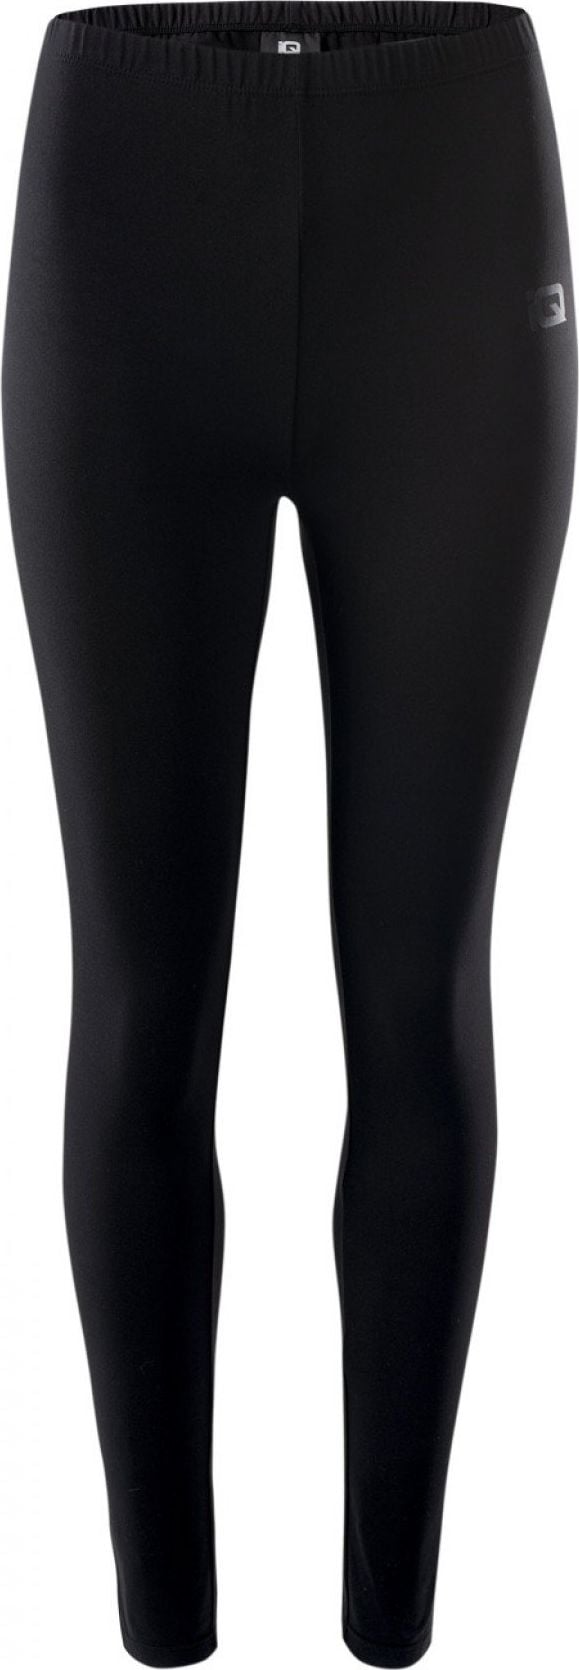 Colanti leggings sport fitness yoga IQ Silky W, marimea XL, negru
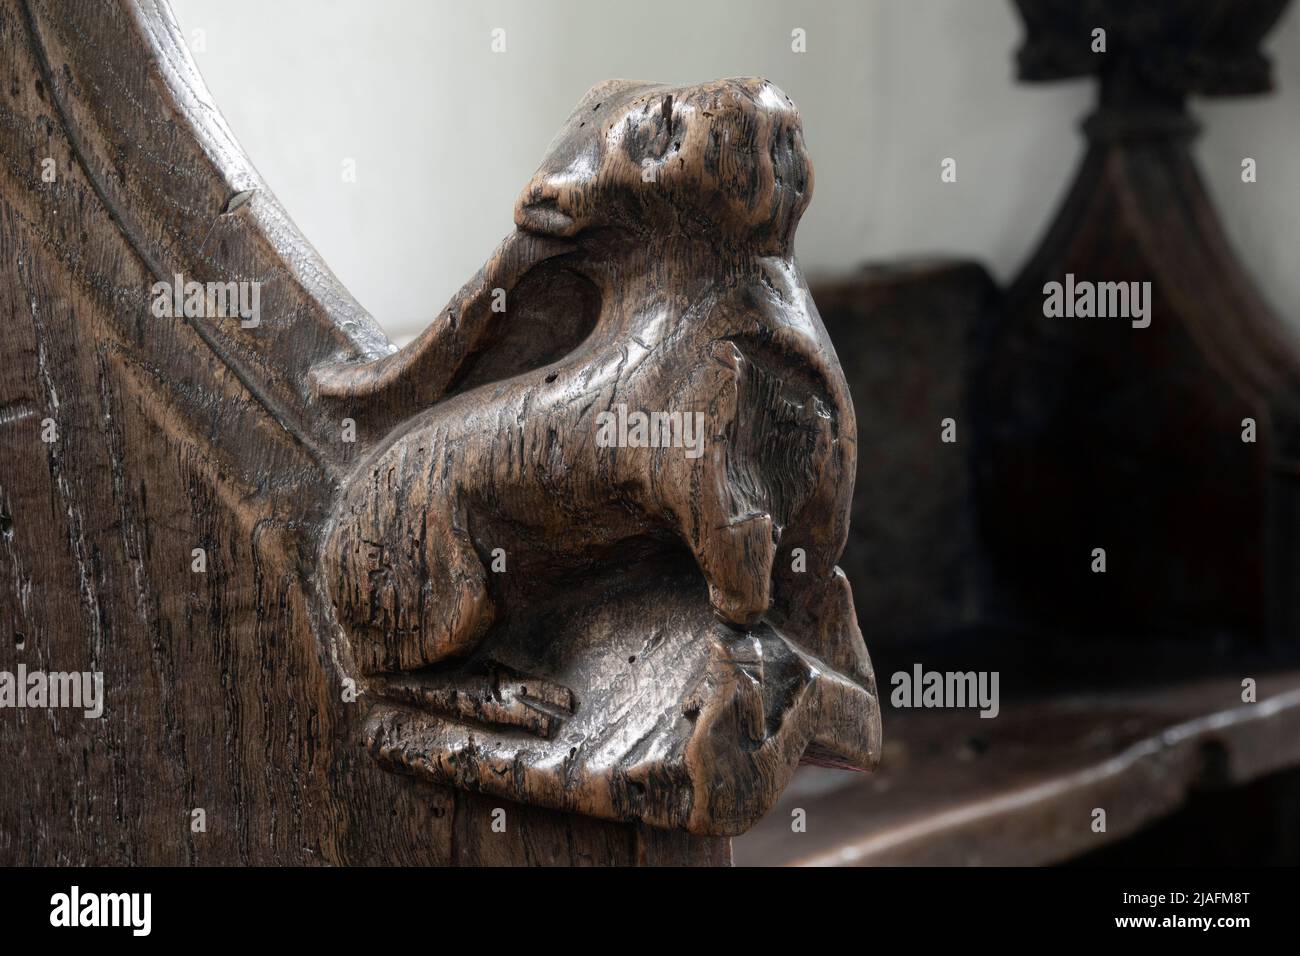 Banc en bois sculpté datant de 15th ans à l'église de la Toussaint, Brandeston, Suffolk Banque D'Images
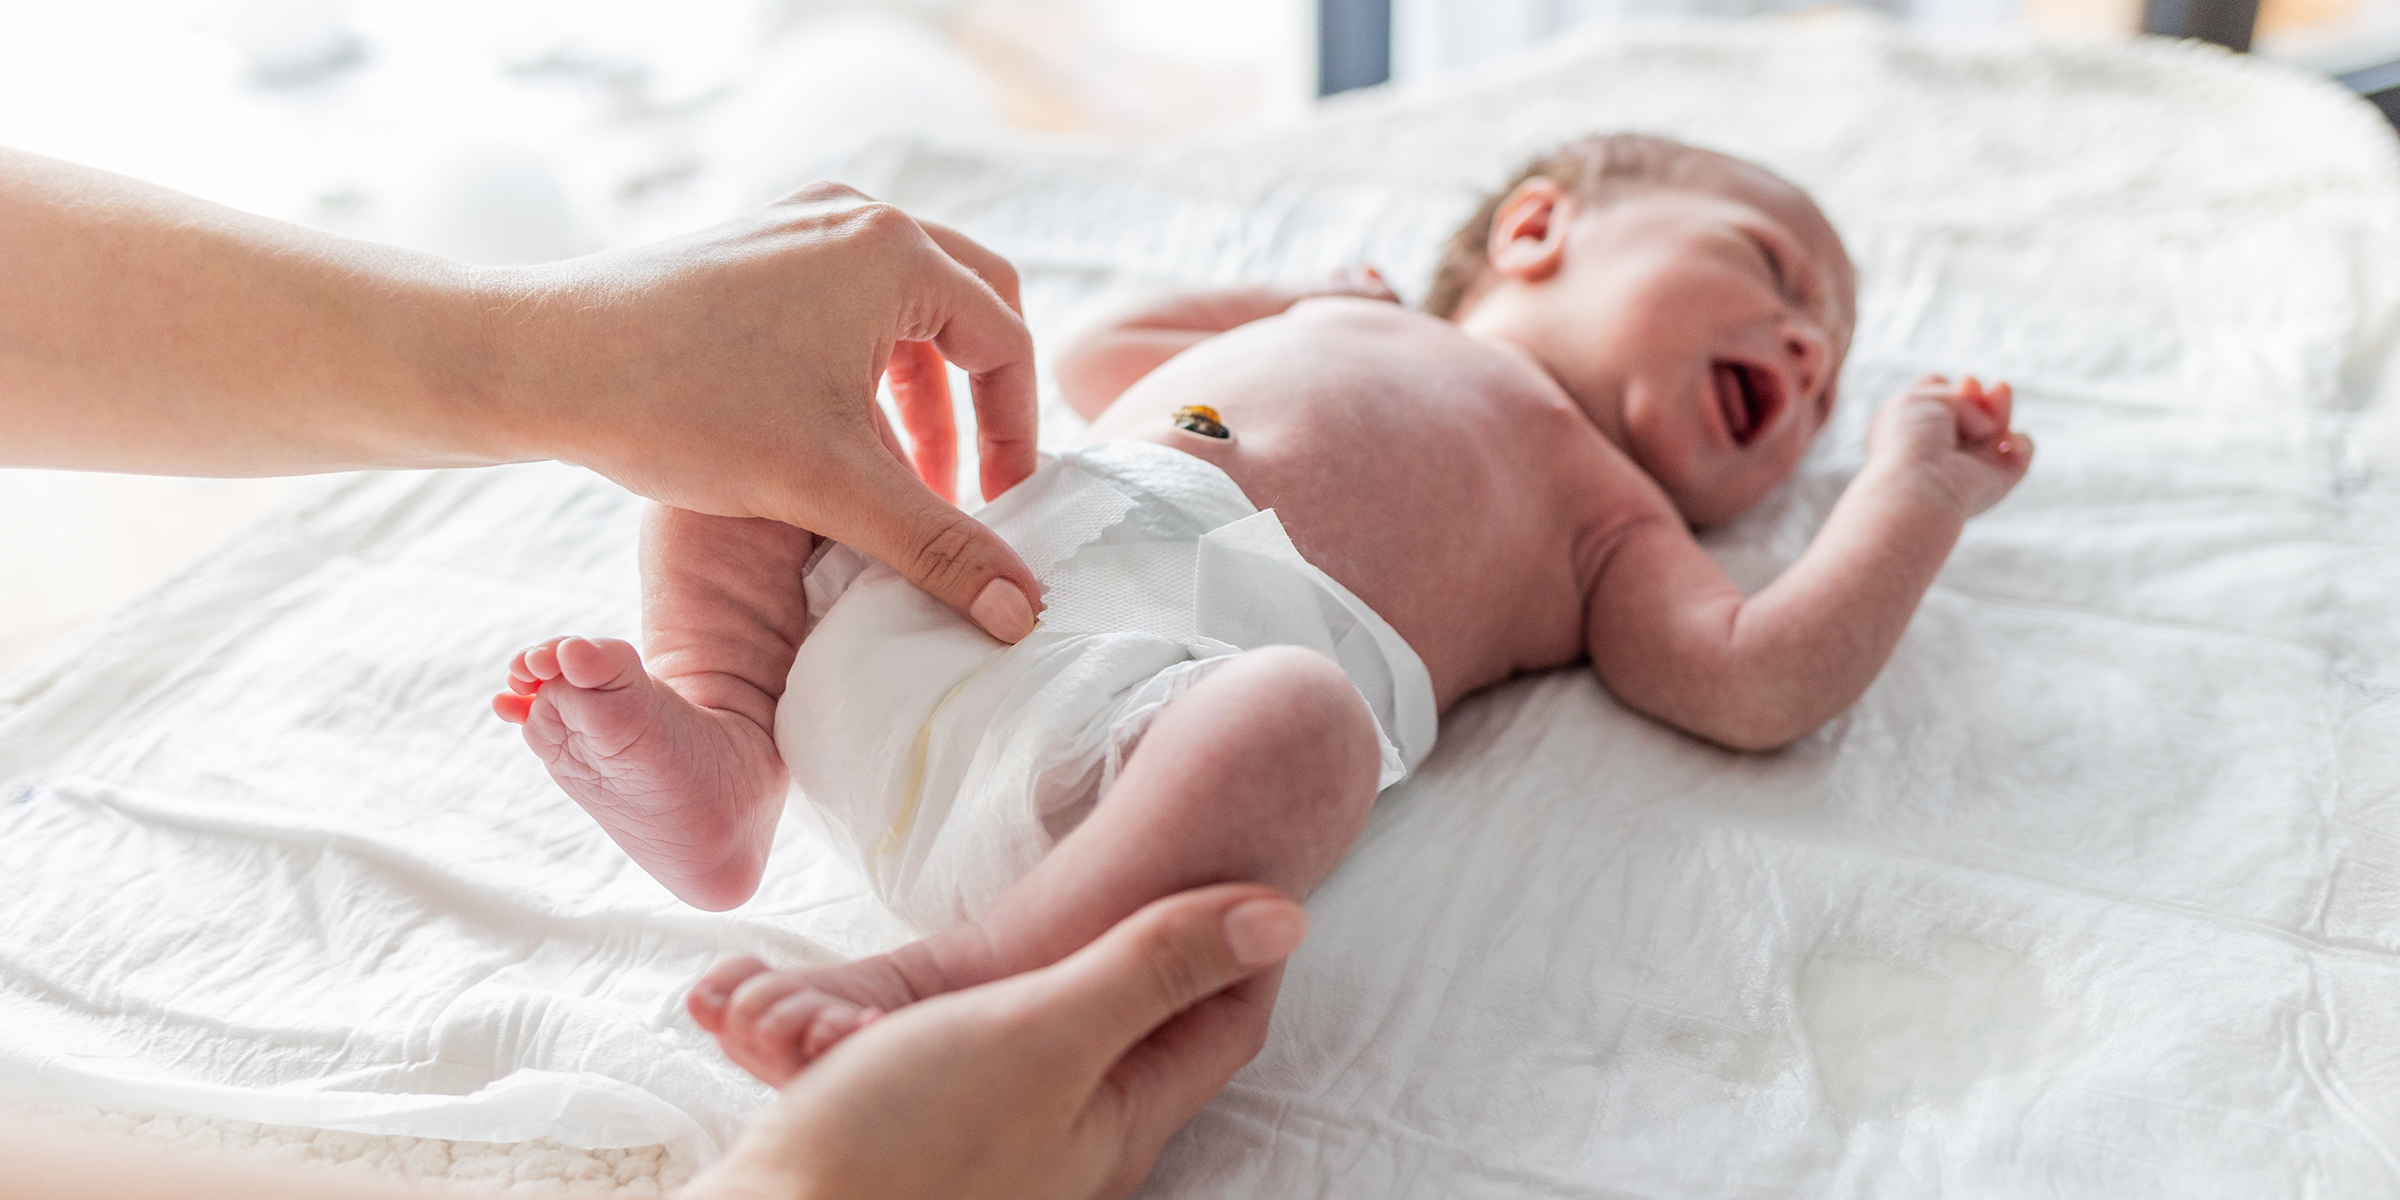 Une personne changeant la couche d'un bébé | Source : Shutterstock

• About this exercise:
Give the data above again, exactly, with every picture removed.

• Reply:
 Colanti leggings sport fitness yoga IQ Silky W, marimea XL, negru
 Banc en bois sculpté datant de 15th ans à l'église de la Toussaint, Brandeston, Suffolk Banque D'Images
 Une personne changeant la couche d'un bébé | Source : Shutterstock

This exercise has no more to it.